Habrá que ver si a partir de ahora se impone el sector independentista partidario de elegir a un presidente posible, o sea autonómico, o se mantiene la estrategia de mantener viva la tensión con el Estado y se fuerzan unos nuevos comicios
Tras el fiasco de ayer, hoy toca tsunami. El Tribunal Supremo va a procesar al diputado y candidato a la presidencia Jordi Turull, así como a otros cinco diputados, y tal vez decrete prisión provisional y suspensión de sus cargos públicos. Ya nada será igual. No habrá ningún presidente de la Generalitat en la cárcel pero el TS diezmará a los dirigentes que obtuvieron la mayoría electoral y no podrán investir a su candidato, porque de cumplirse las expectativas judiciales, no podrán asistir a la segunda vuelta de una investidura abortada por el juez Llarena.

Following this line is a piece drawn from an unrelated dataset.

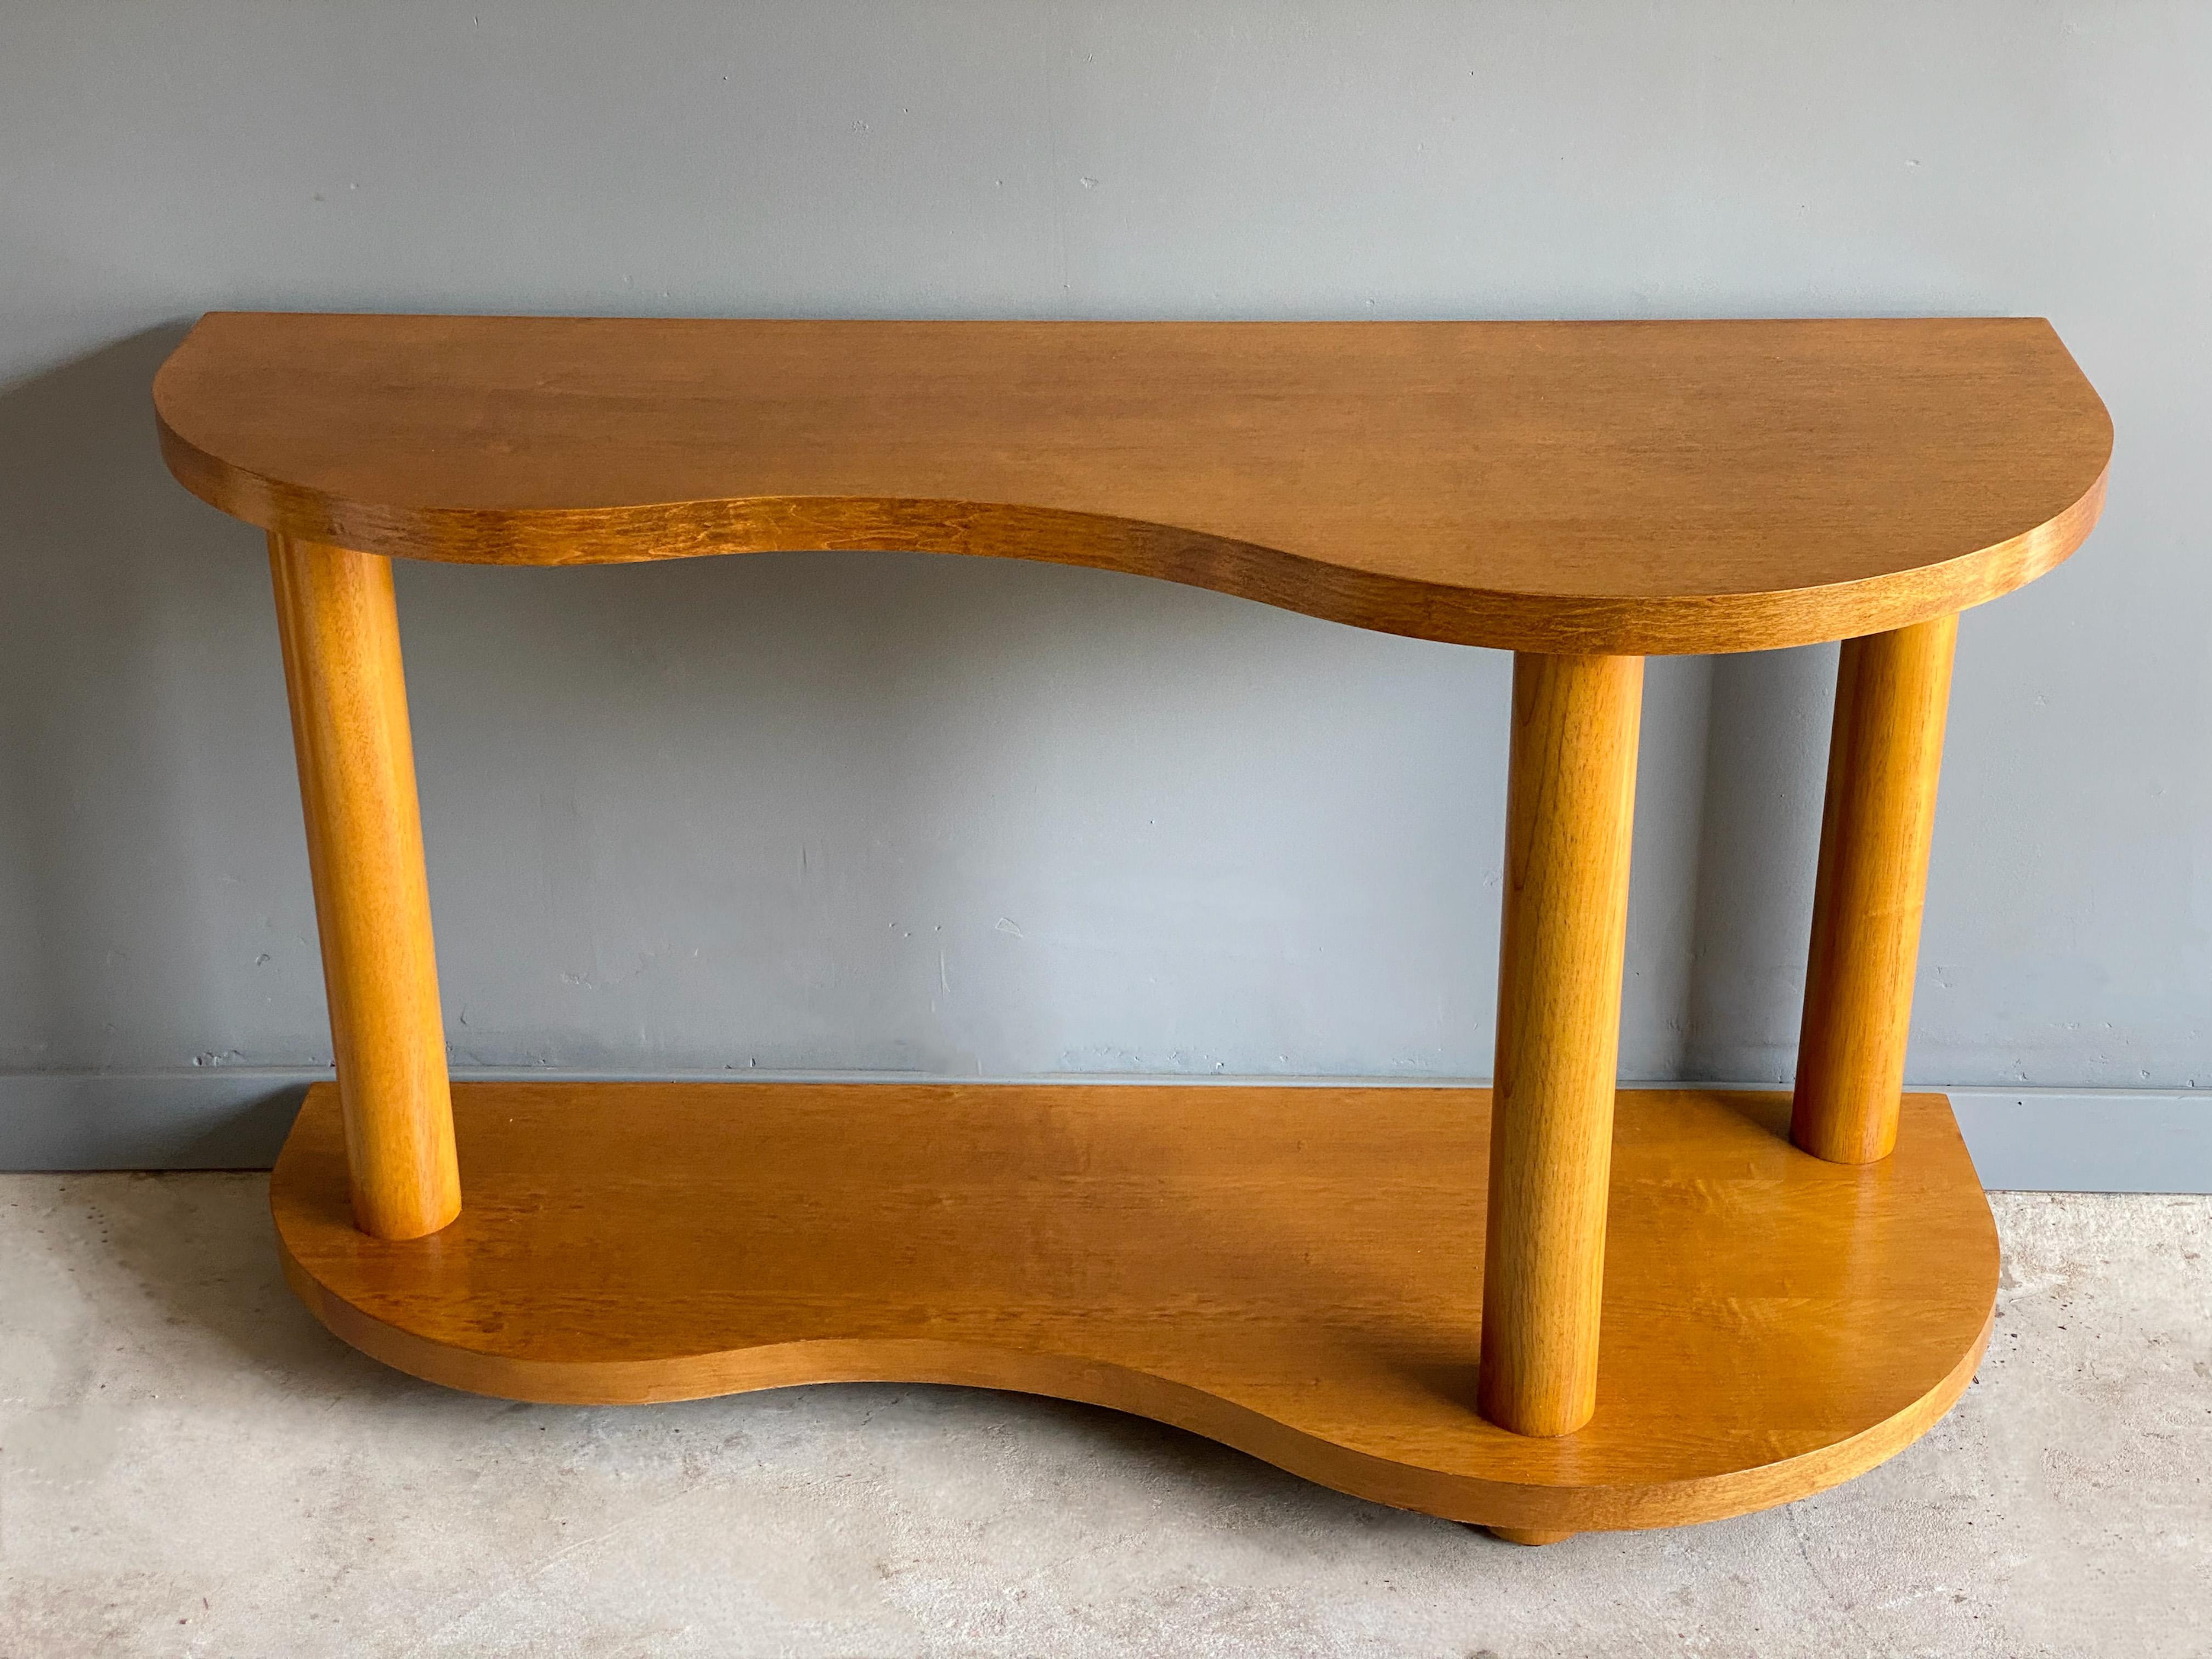 Organic form mid century console or sofa table in the style of Gilbert Rohde. Circa 1960s. Constructed of free form wood top with three round pillars - giving the design and architectural aesthetic.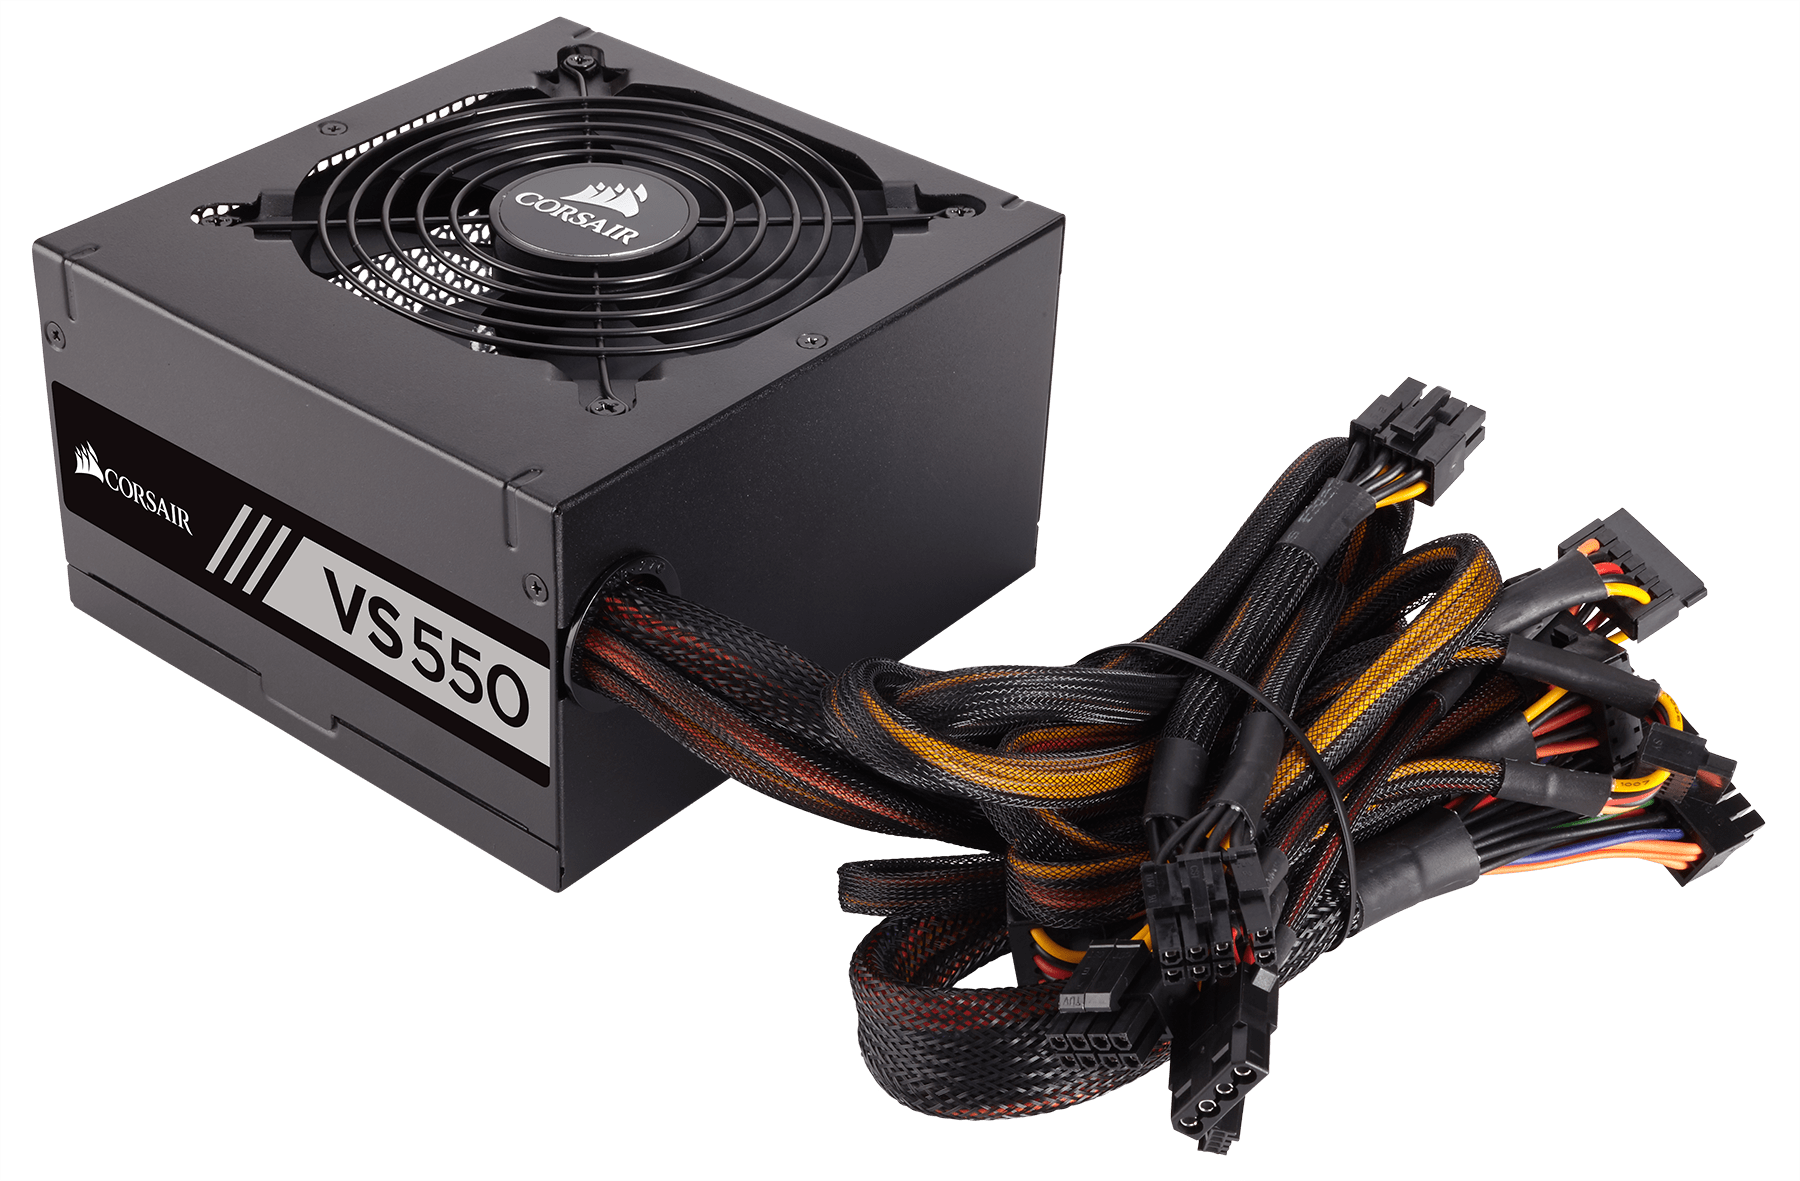 Best AMD Gaming Editing PC build under Rs. 50000 2019

El reloj para llegar a la repetición de las elecciones está en marcha. Este es el único aspecto positivo de la desangelada sesión parlamentaria de ayer. Habrá que ver si a partir de ahora se impone el sector independentista partidario de elegir a un presidente posible, o sea autonómico, o se mantiene la estrategia de mantener viva la tensión con el Estado y se fuerzan unos nuevos comicios. A estas alturas, una nueva campaña electoral parece la alternativa más previsible para levantar el alicaído estado de ánimo del soberanismo, aunque esto implique un desdén manifiesto por la urgente recuperación del gobierno y las instituciones intervenidas por el artículo 155. Seguramente, interpretarán que la renuncia a la elección inmediata de un presidente, como así quiere el presidente del Gobierno español y de la Generalitat en funciones, es la única desobediencia a mano.